**DATA PROVIDED:**
# # # # #

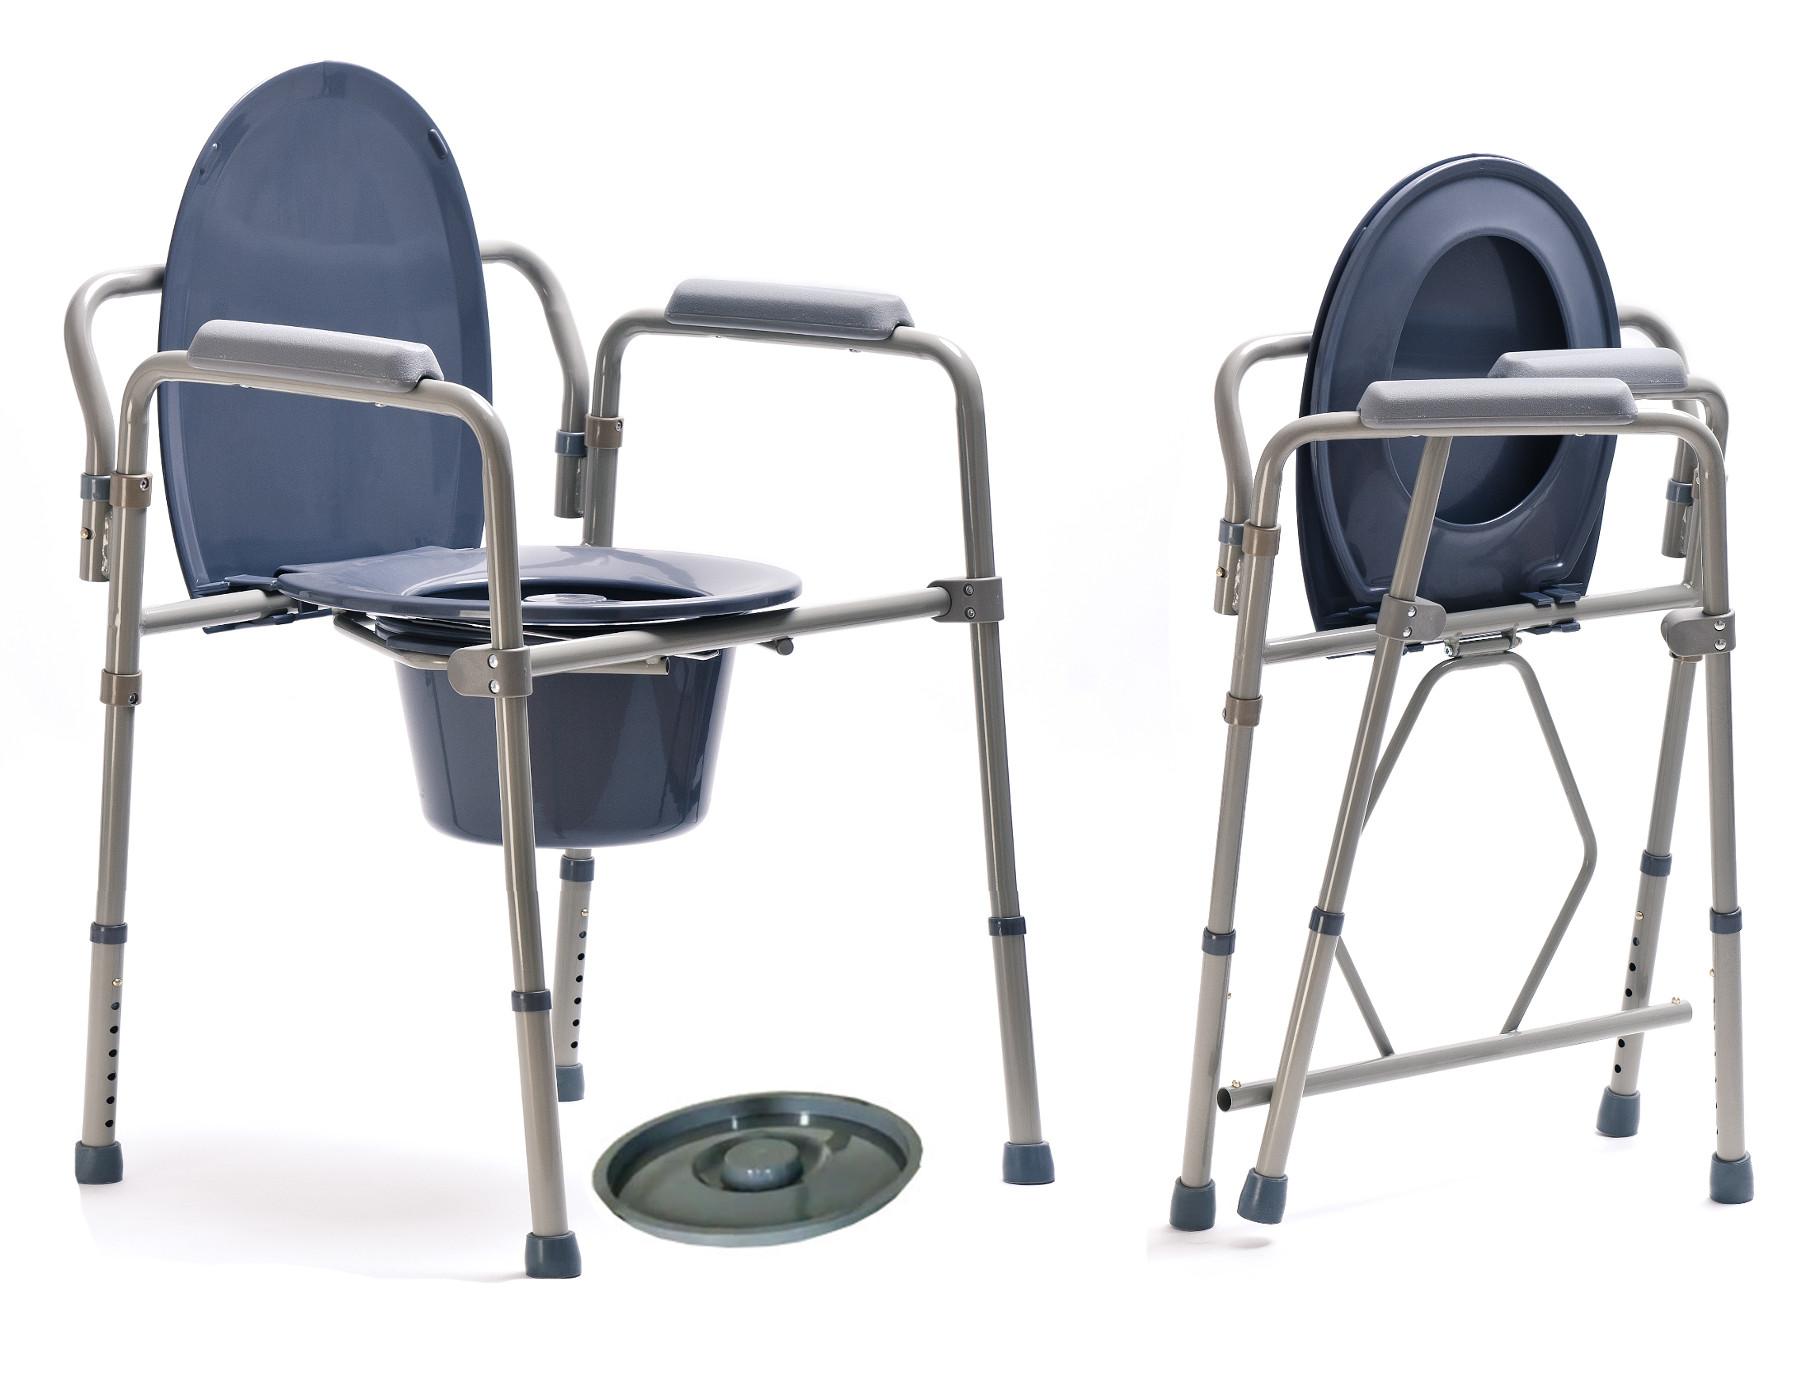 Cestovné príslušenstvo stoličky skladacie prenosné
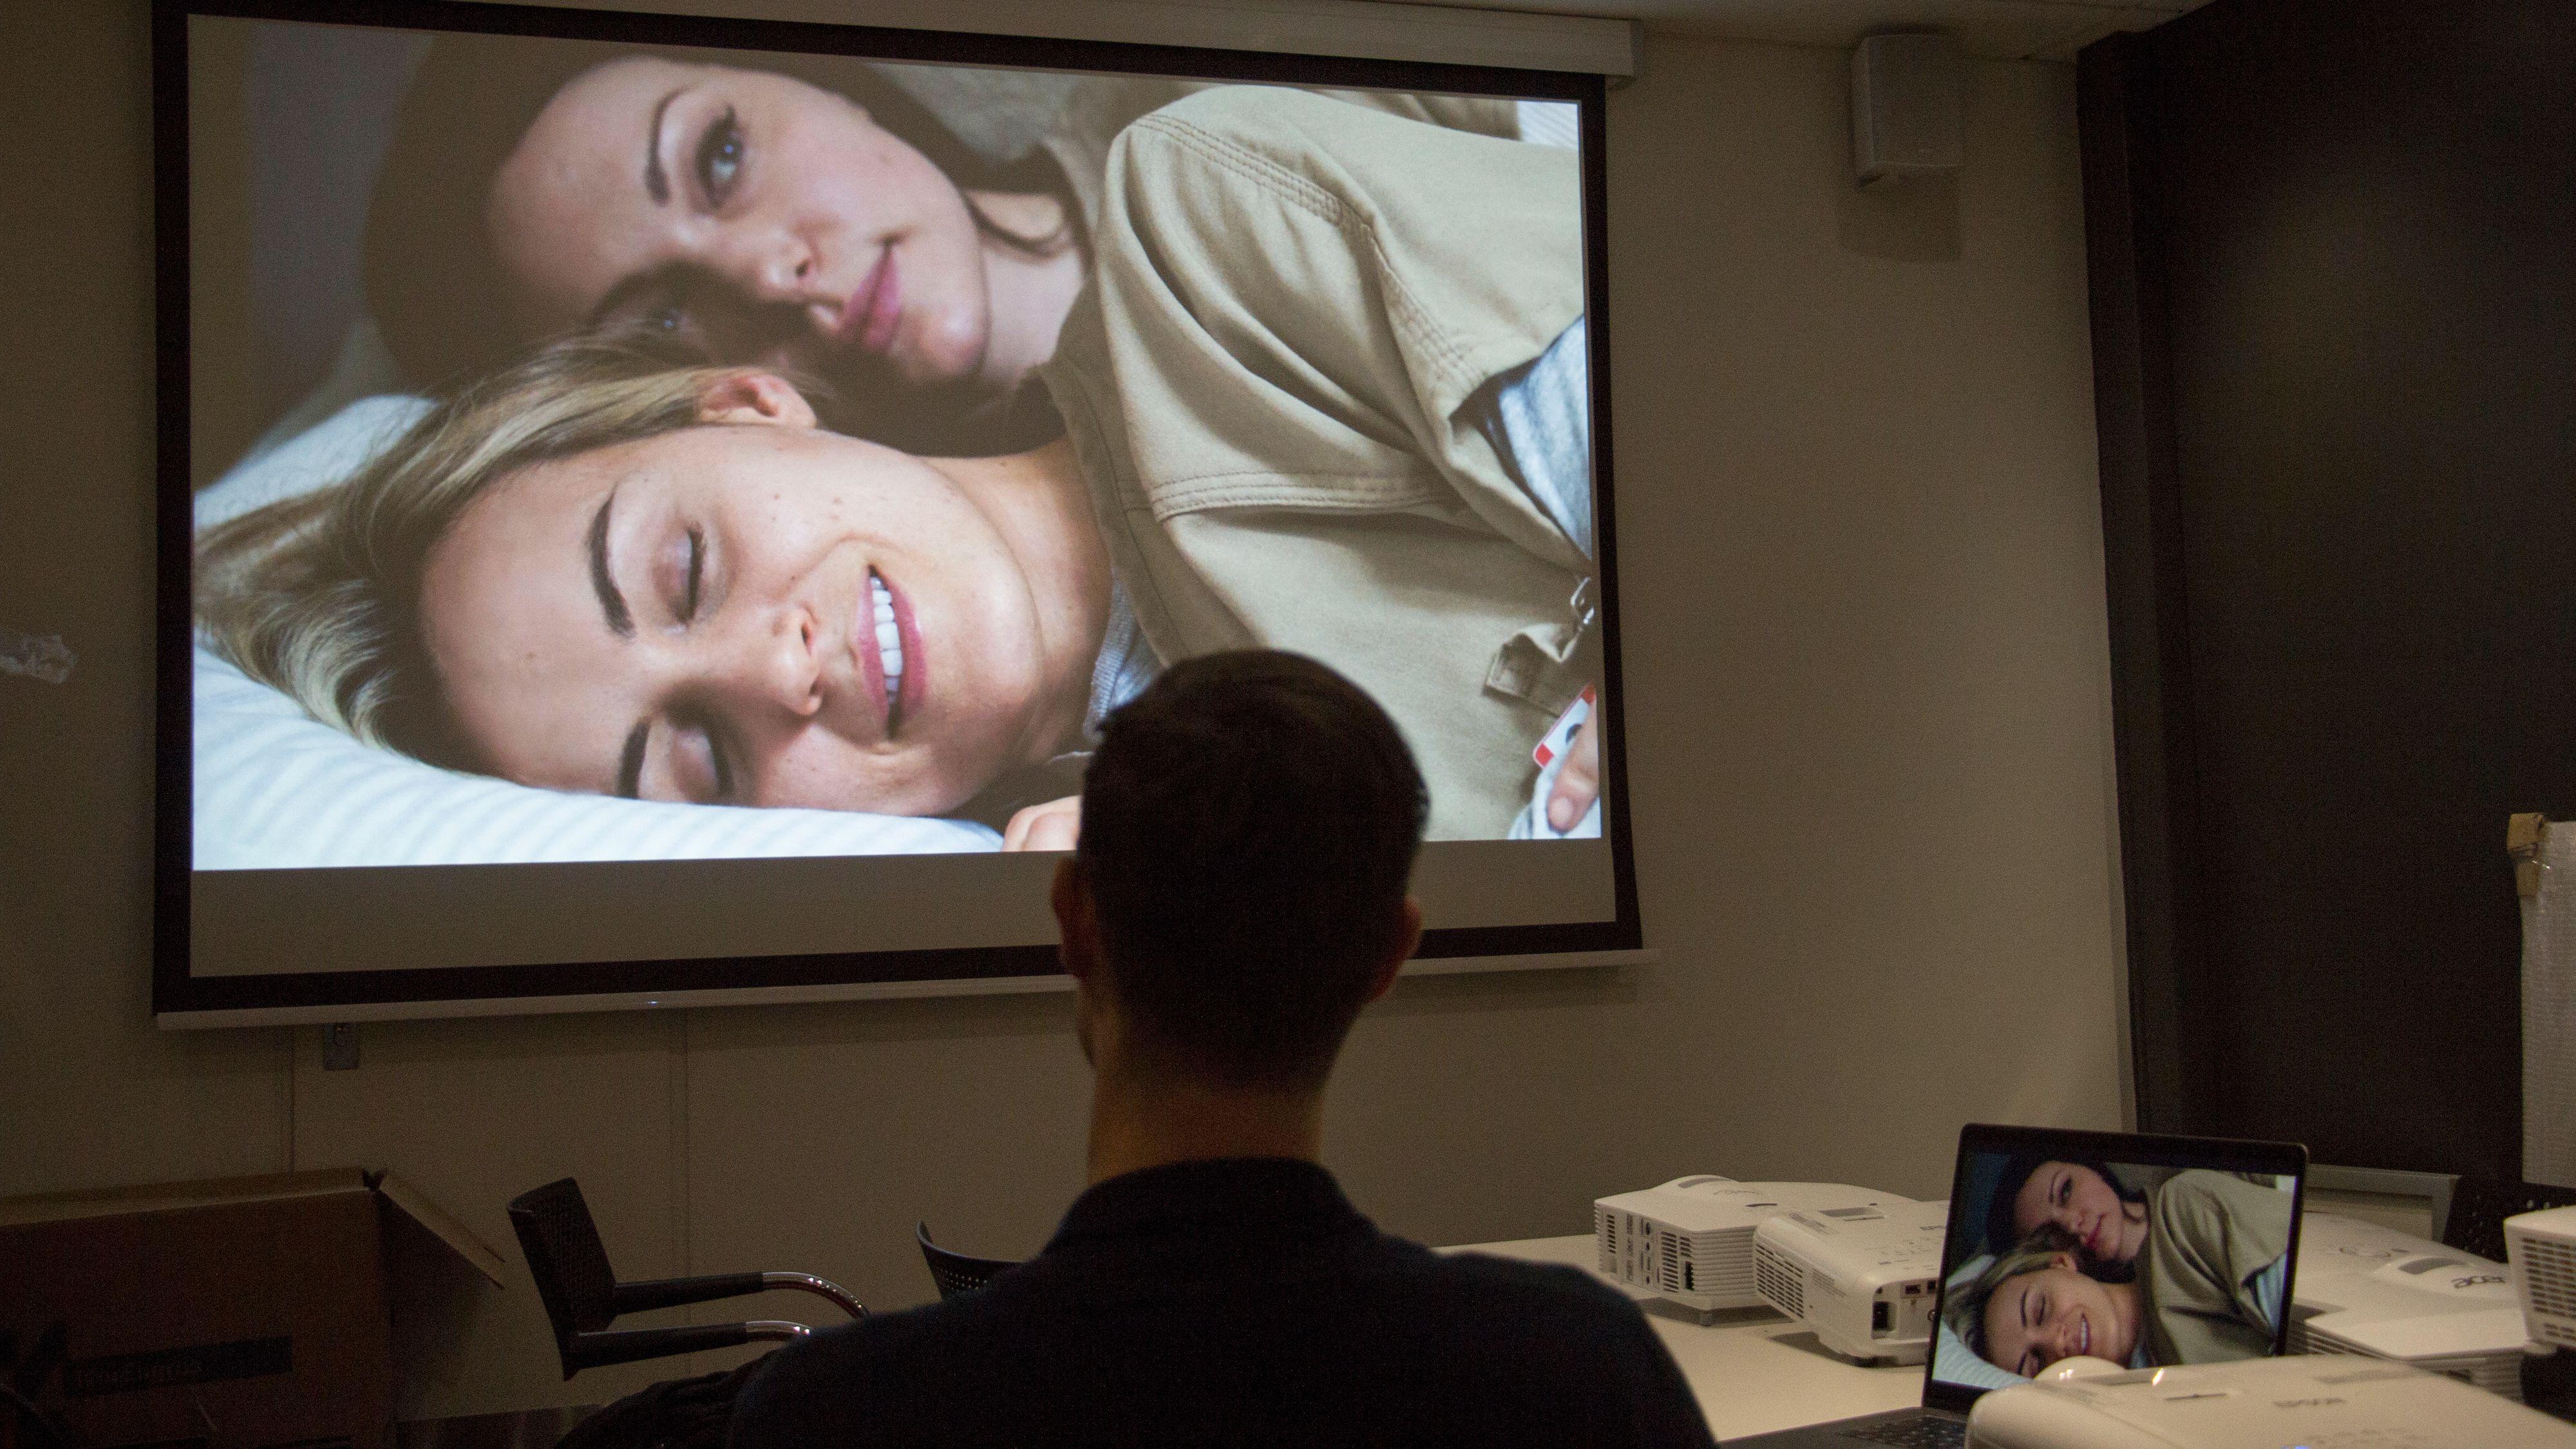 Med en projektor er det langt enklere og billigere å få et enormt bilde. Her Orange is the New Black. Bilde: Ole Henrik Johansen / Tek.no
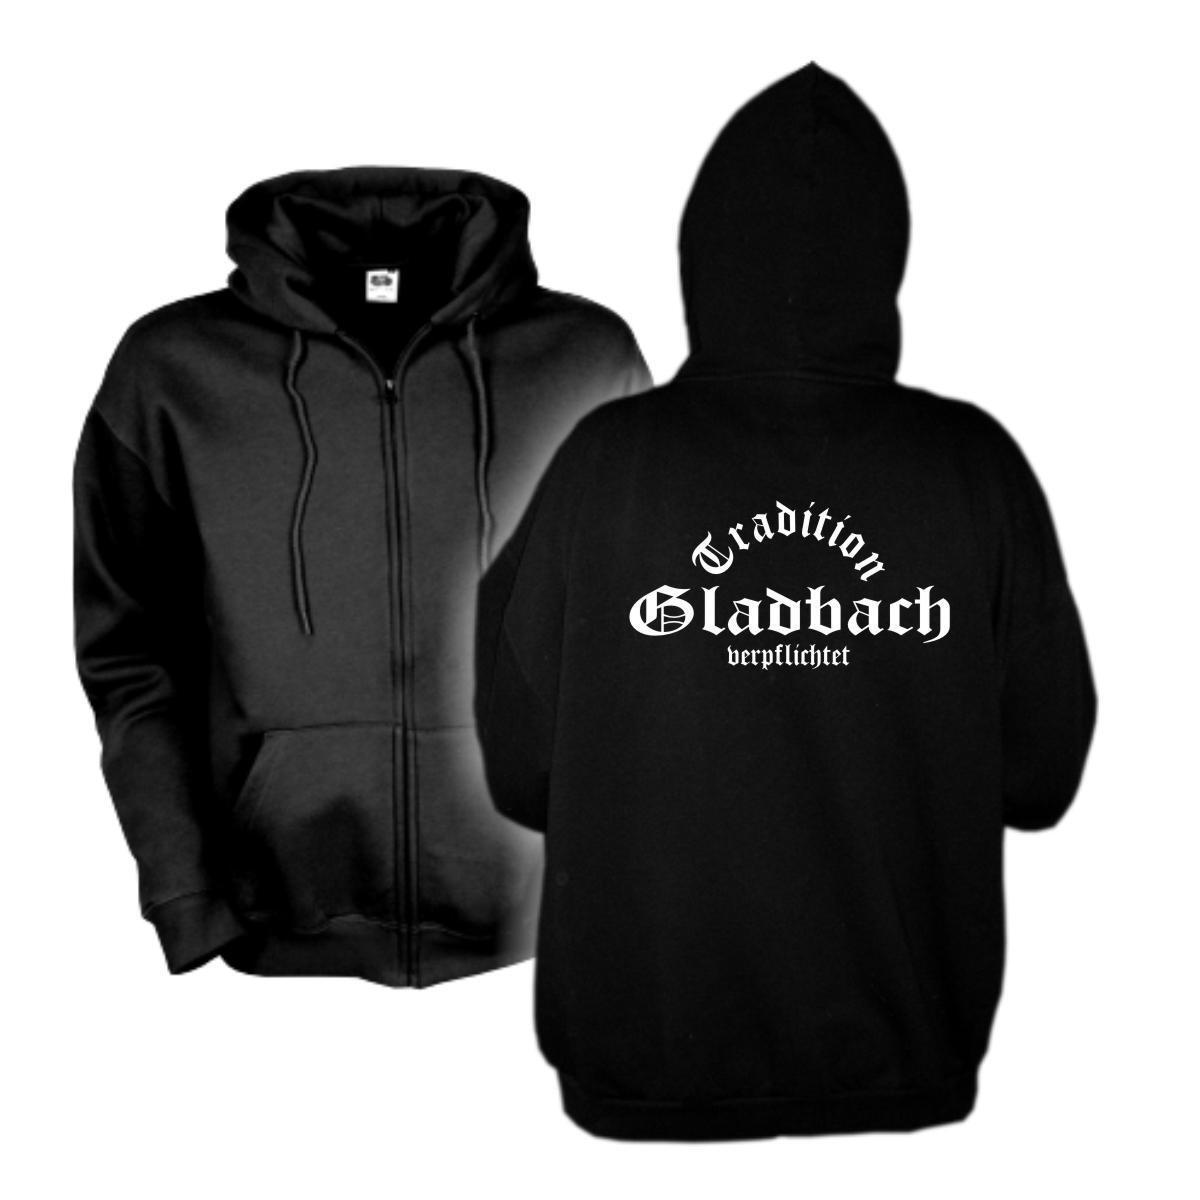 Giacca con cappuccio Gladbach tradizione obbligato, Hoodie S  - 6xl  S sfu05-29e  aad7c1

# # # # #

**WORK TO COMPLETE:** Starting with the line that contains "Med en projektor", reproduce every line to the end of the material above, both end lines included, exactly and with no pictures.

**TASK RESPONSE:**
 Med en projektor er det langt enklere og billigere å få et enormt bilde. Her Orange is the New Black. Bilde: Ole Henrik Johansen / Tek.no
 Giacca con cappuccio Gladbach tradizione obbligato, Hoodie S  - 6xl  S sfu05-29e  aad7c1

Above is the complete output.